▽

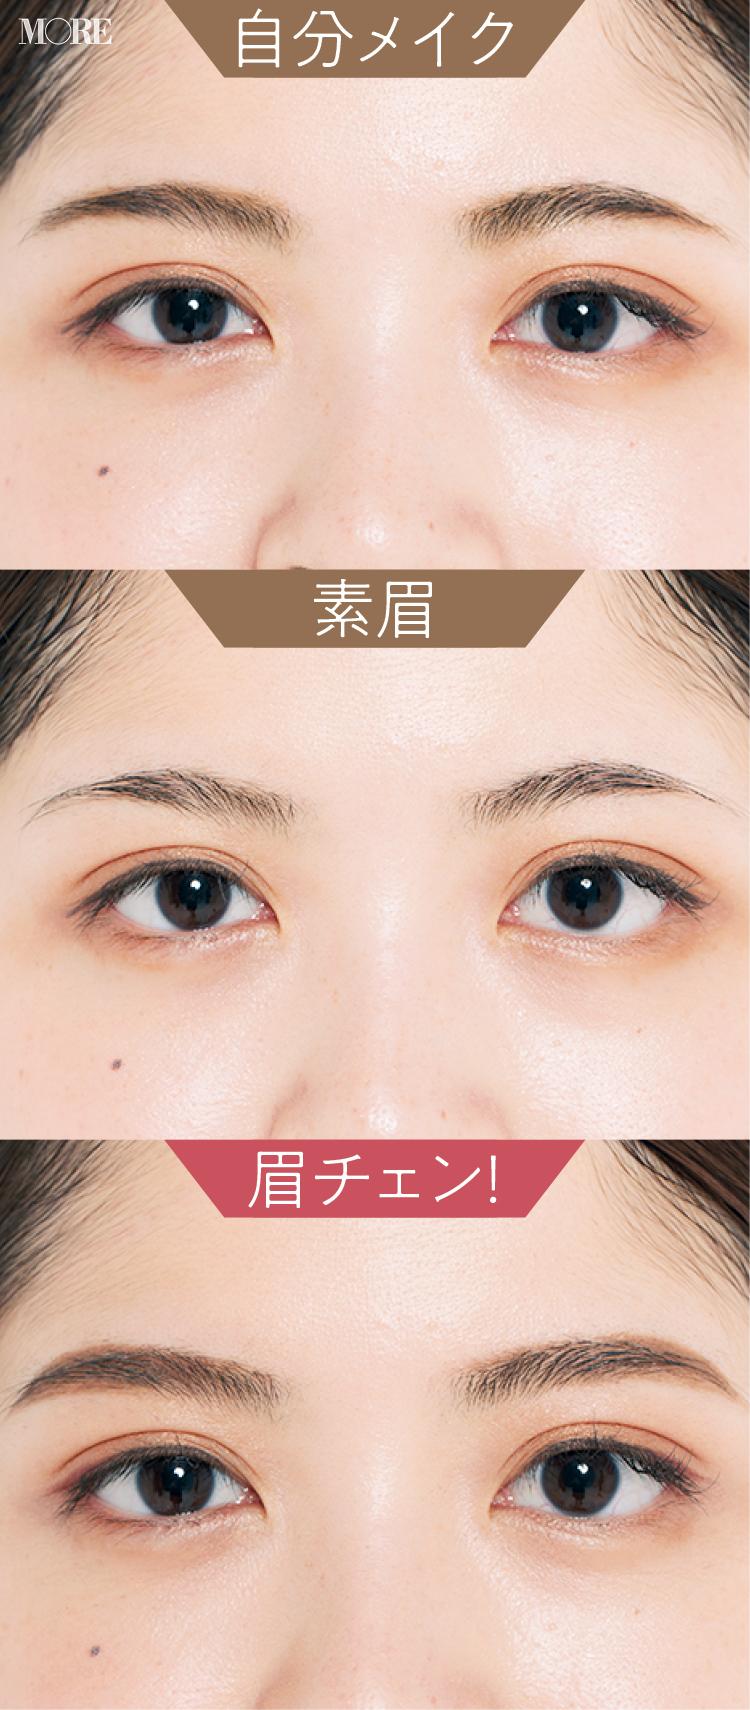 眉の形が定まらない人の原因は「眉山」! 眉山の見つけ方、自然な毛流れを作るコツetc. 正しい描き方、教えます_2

△
▽

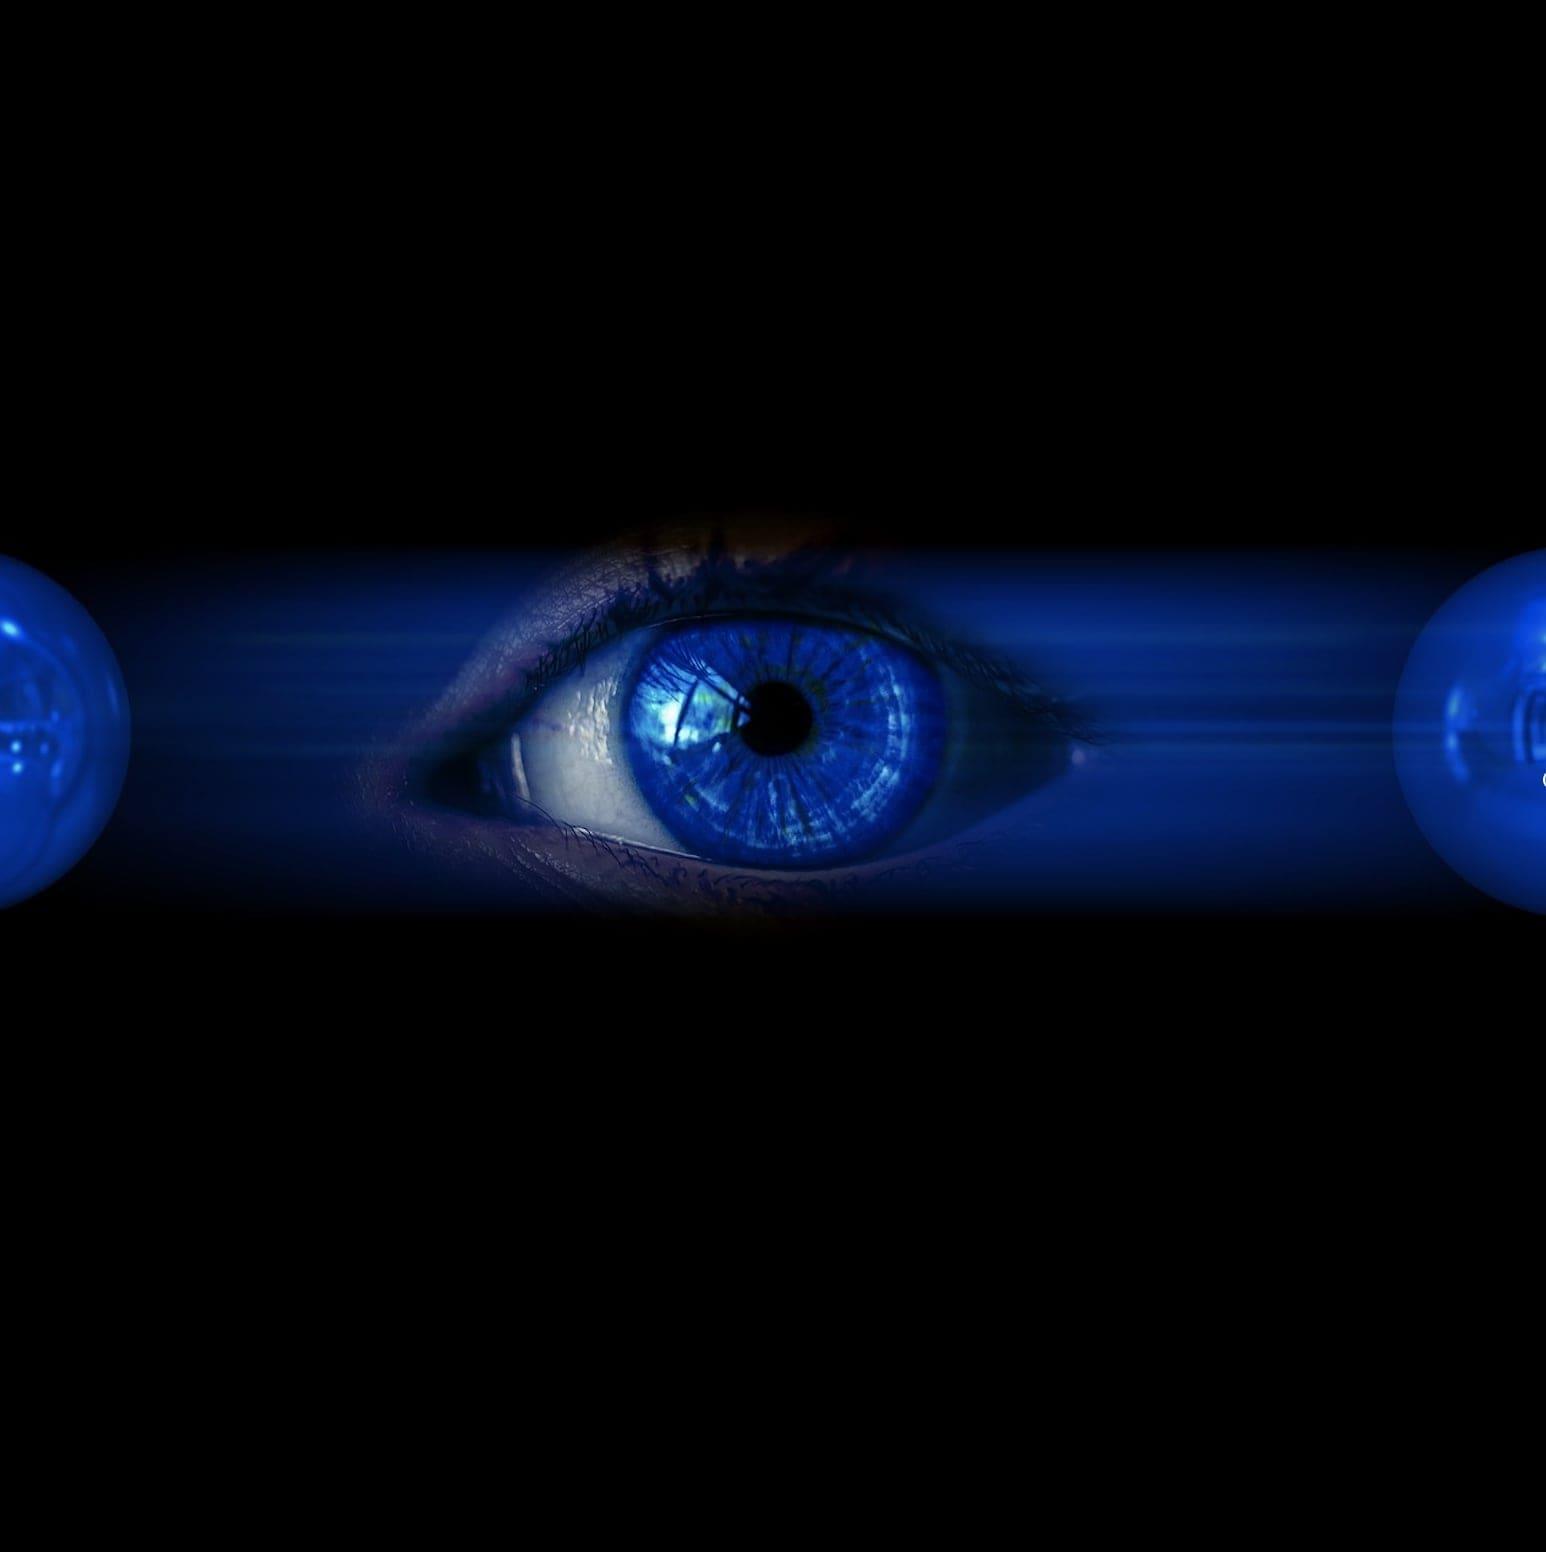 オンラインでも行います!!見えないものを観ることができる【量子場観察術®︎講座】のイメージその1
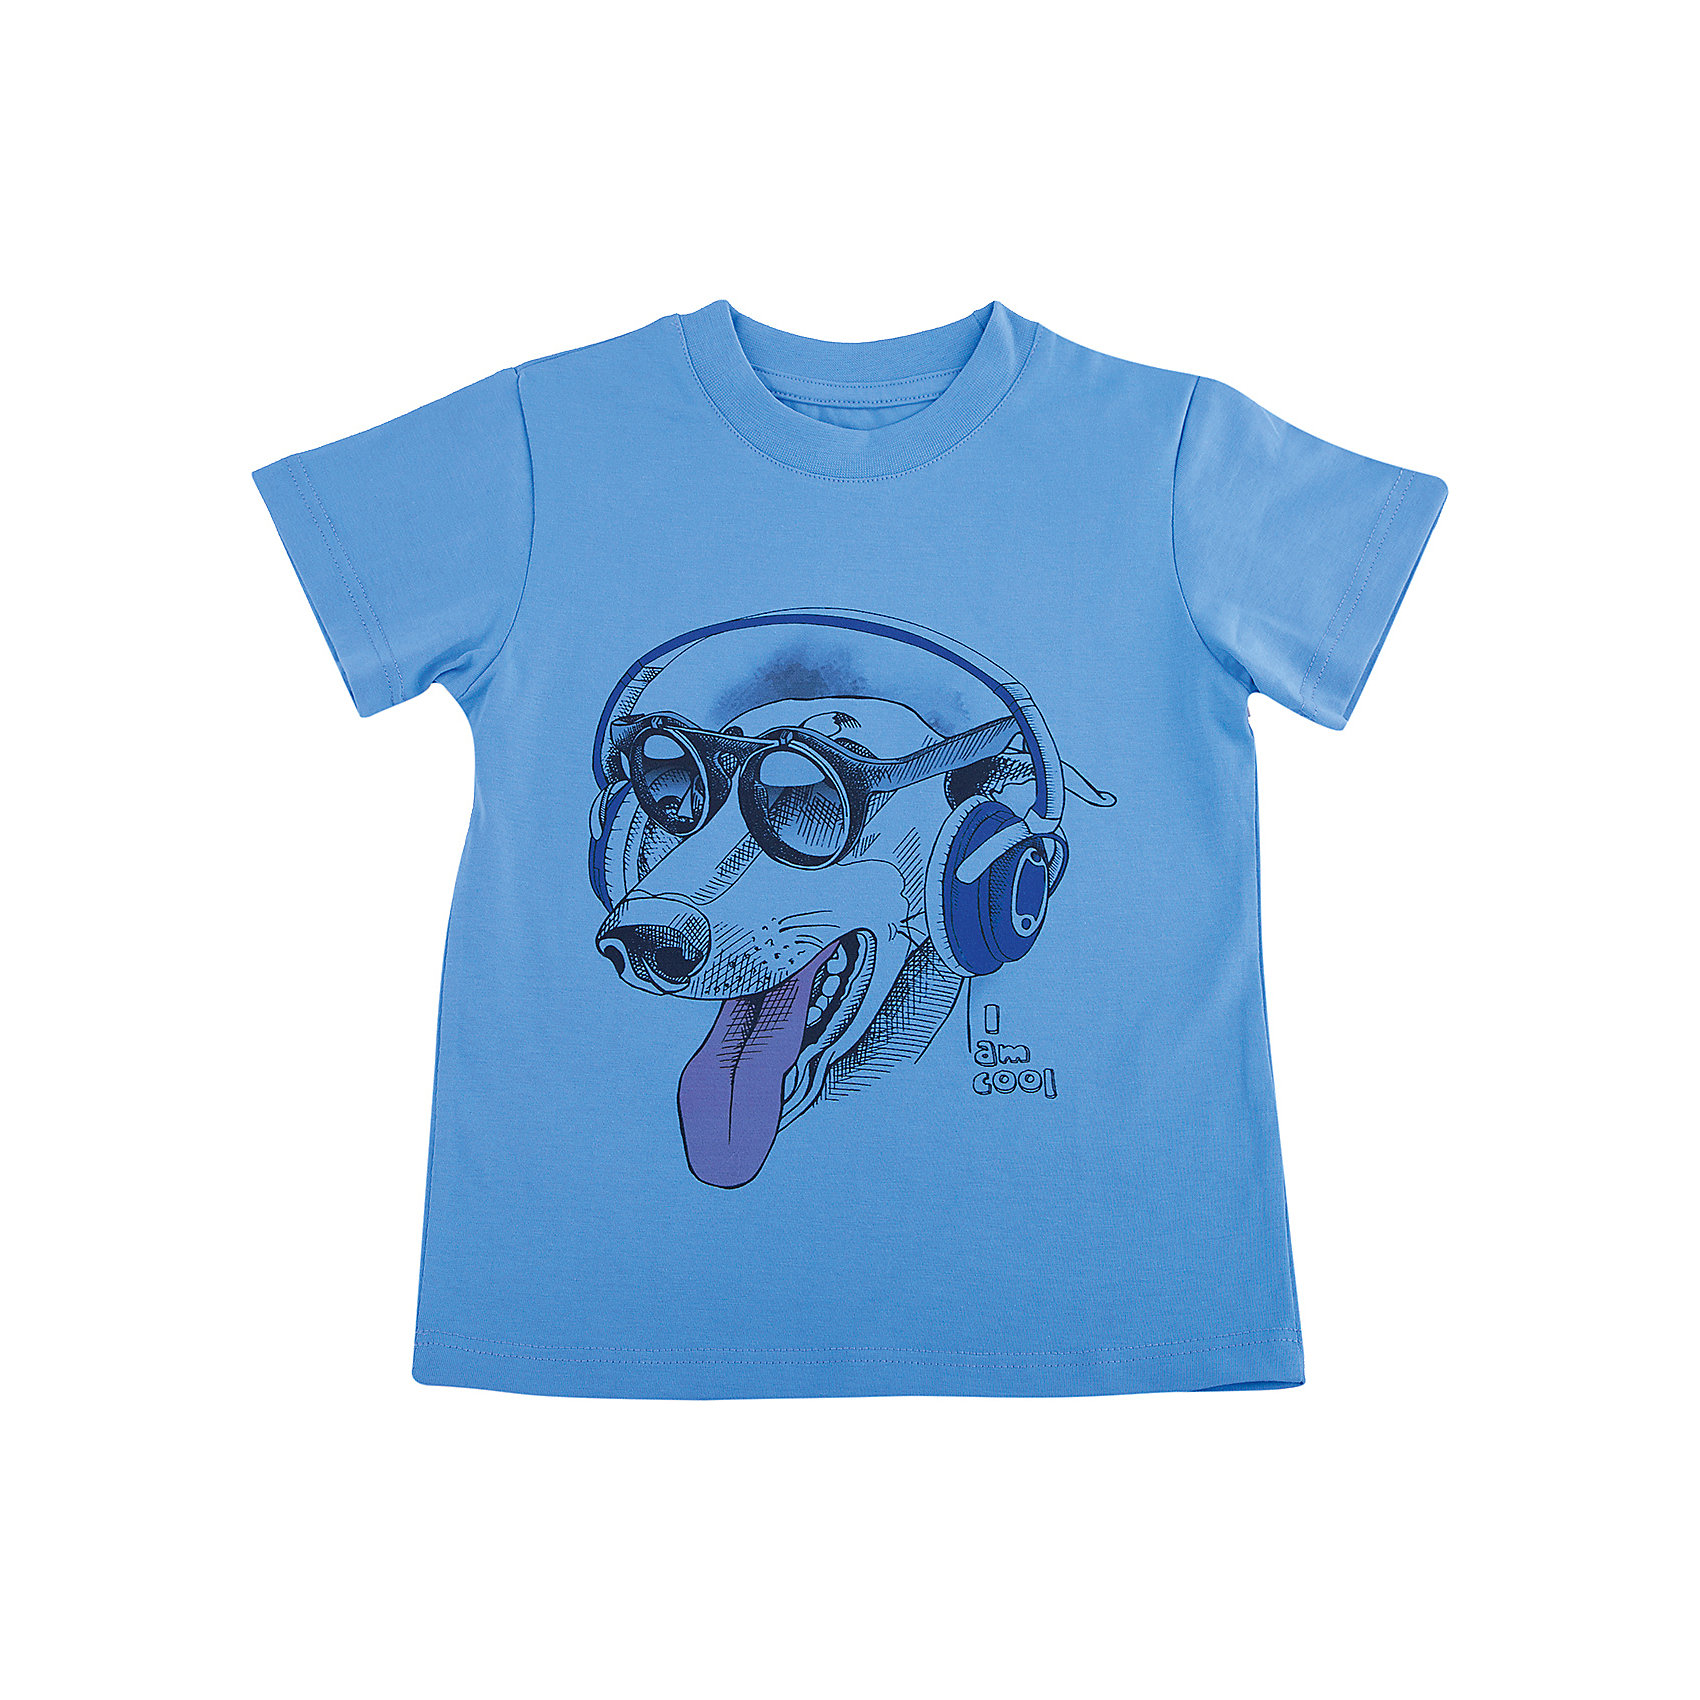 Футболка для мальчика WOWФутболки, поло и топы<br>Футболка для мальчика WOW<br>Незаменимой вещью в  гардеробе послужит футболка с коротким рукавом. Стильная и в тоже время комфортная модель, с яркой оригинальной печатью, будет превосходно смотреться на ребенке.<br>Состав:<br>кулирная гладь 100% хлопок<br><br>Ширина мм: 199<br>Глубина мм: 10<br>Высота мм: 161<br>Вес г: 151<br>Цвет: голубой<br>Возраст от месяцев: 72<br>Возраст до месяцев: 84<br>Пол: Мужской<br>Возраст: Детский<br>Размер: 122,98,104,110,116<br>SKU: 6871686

△
▽

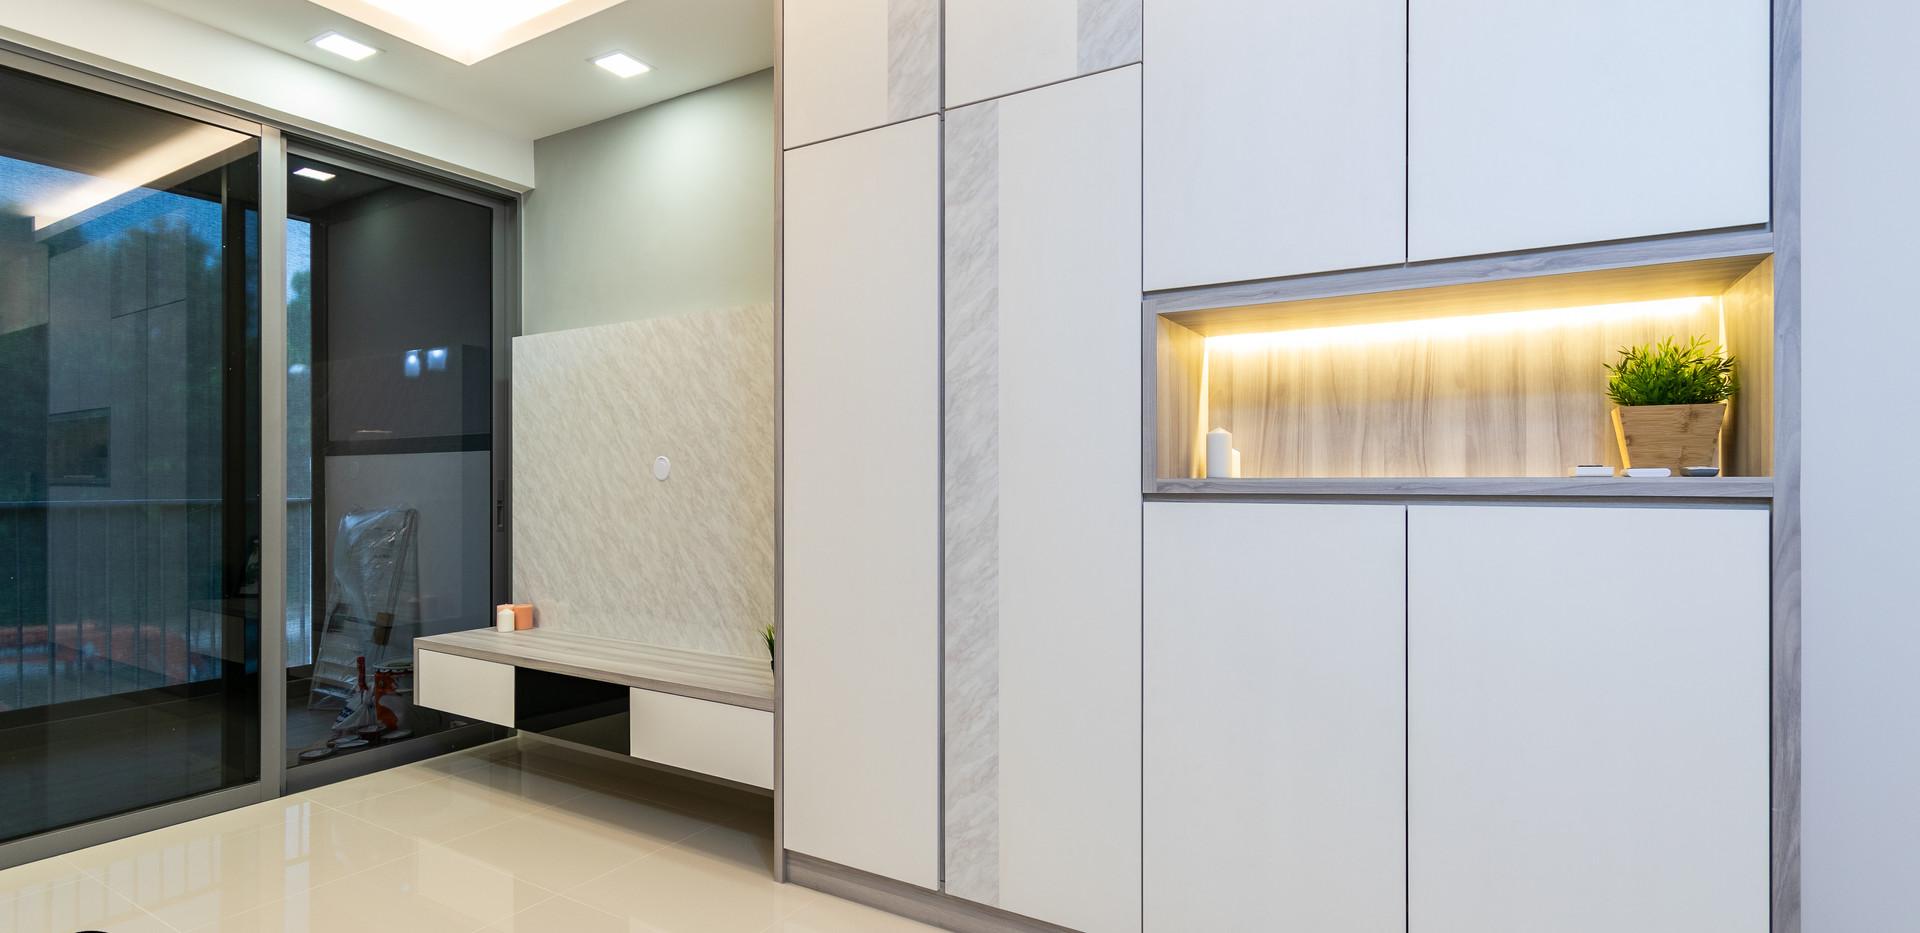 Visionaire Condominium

△

Action item:
Pictures excluded, give again exactly and only the lines of the material above from the line with "オンラインでも行います!!見" through the line with "Футболка для мальчика WOWФутболки, поло".

Exercise result:
 オンラインでも行います!!見えないものを観ることができる【量子場観察術®︎講座】のイメージその1
 Футболка для мальчика WOWФутболки, поло и топы<br>Футболка для мальчика WOW<br>Незаменимой вещью в  гардеробе послужит футболка с коротким рукавом. Стильная и в тоже время комфортная модель, с яркой оригинальной печатью, будет превосходно смотреться на ребенке.<br>Состав:<br>кулирная гладь 100% хлопок<br><br>Ширина мм: 199<br>Глубина мм: 10<br>Высота мм: 161<br>Вес г: 151<br>Цвет: голубой<br>Возраст от месяцев: 72<br>Возраст до месяцев: 84<br>Пол: Мужской<br>Возраст: Детский<br>Размер: 122,98,104,110,116<br>SKU: 6871686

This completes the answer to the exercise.